In contrast to the Hogan Lovells Roundtable Report, there is a consistent increase of non-specific IG use in Québec, Canada, according to Héma-Québec, a nonprofit organization that supplies blood and other human biological products to local hospitals. Québec’s Ministry of Health’s data for the use of IG reports that more than two million grams were administered at an average of 349.6 grams per user, or 232.⁴ grams per 1,000 people. The rate of Quebecers who have received IG is 67 recipients per 100,000 people. Nearly half of the IG used was administered for a neurological indication; nearly a third was administered for an immunological indication; and just under 10 percent was administered for hematological indications. PI was the medical condition for which IG was administered to the largest number of users (20.1 percent); chronic inflammatory demyelinating polyneuropathy (CIDP) was the medical condition for which the highest amount of IG was administered (21.6 percent or an average of 671.1 grams per patient); and in nearly 20 percent of users, IG was either administered for an unclear indication at 14.3 percent or absent at 4.7 percent. In total, this represents 15 percent of the quantities of IG.⁴

Keith Berman, MPH, MBA, founder of Health Research Associates and plasma industry consultant, says there are currently 12 unique licensed IVIG products, three of which are approved for SC administration. Three of the 12 IVIG products are available in both 5 percent and 10 percent IgG concentrations. There are also five unique licensed SCIG products, including HYQVIA, which is co-administered with a special agent that facilitates SC delivery of substantially increased doses of IG into the infusion site, thereby reducing infusion frequency.

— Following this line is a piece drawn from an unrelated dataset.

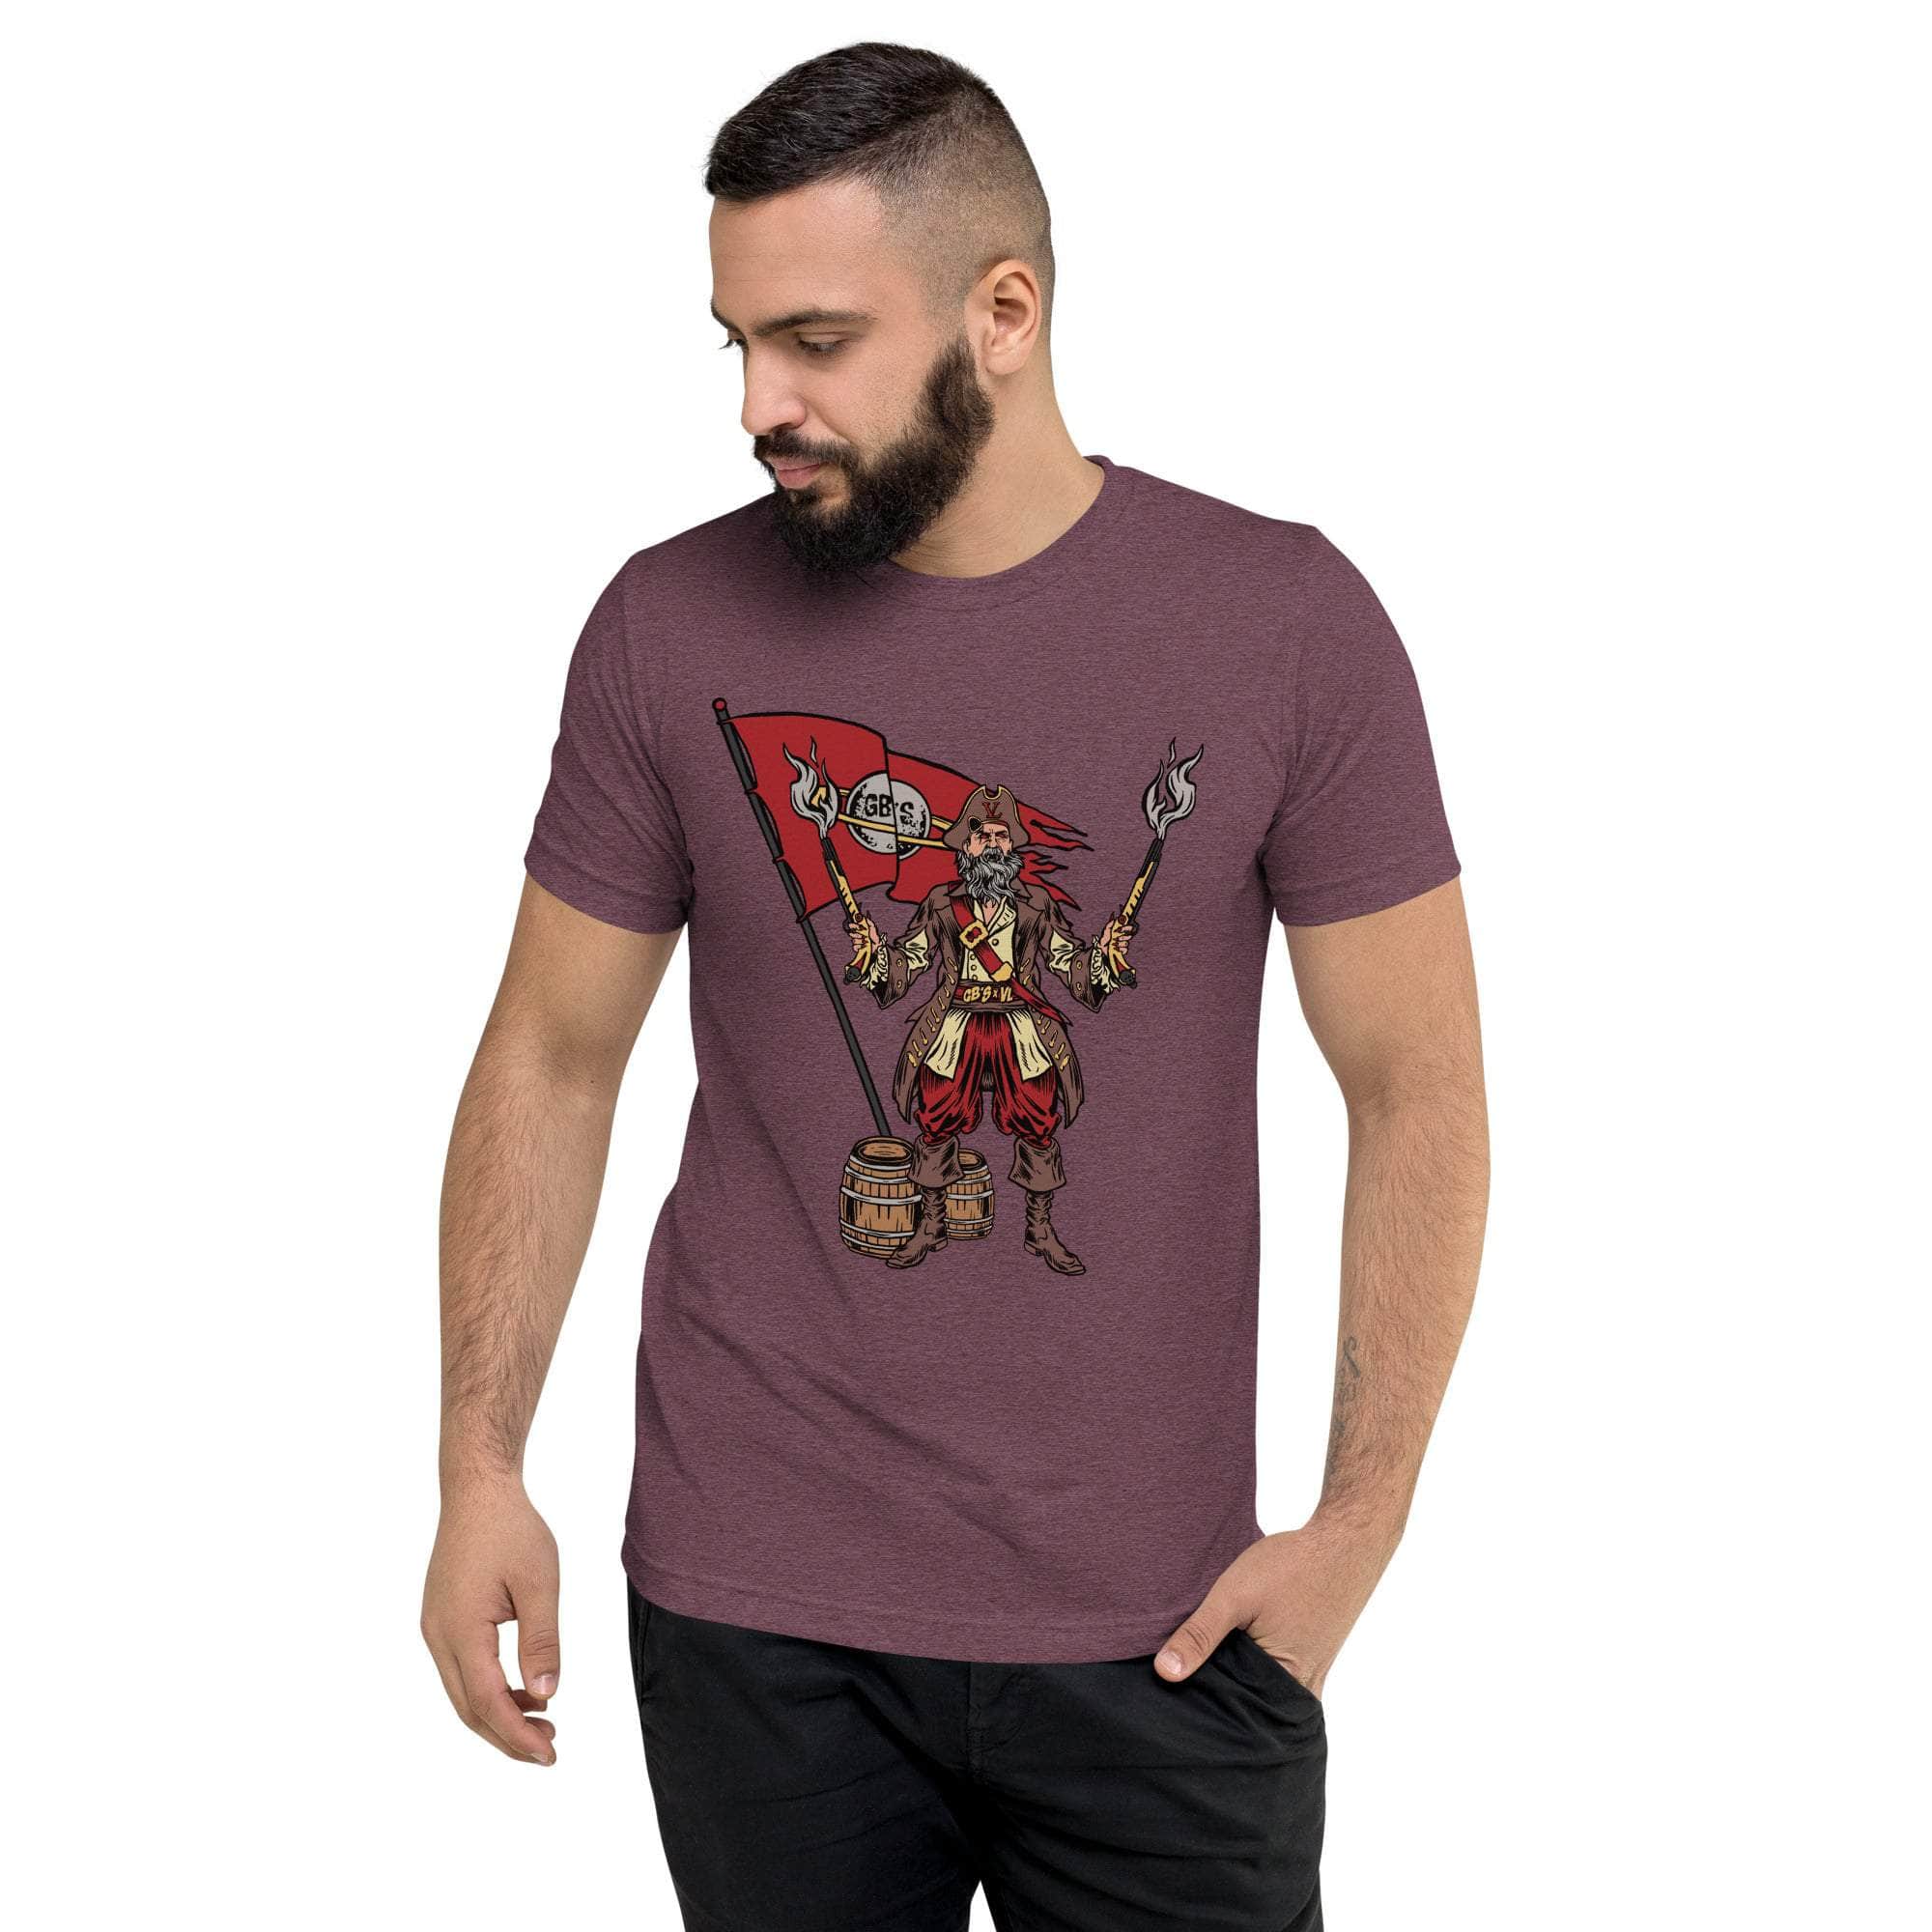 GBNY Maroon Triblend / XS Vamp Life X GBNY "Pirate Vamp" T-shirt - Men's 1187077_6544

Over the last year, two new 10 percent IVIG products have received FDA marketing approval — Yimmugo and ALYGLO. Manufactured by Grifols’ Biotest subsidiary, Yimmugo is expected to be available through Kedrion Biopharma in the first quarter of 2025. The Korean plasma products manufacturer GC Biopharma initiated its first shipments of ALYGLO in July 2024.

“Like other licensed IG preparations, these new IVIG products will likely be used as well for a wide range of off-label uses, including treatment of SIDs, as well as numerous immune-mediated hematological, neurological, neuromuscular, rheumatologic and other disorders,” says Berman.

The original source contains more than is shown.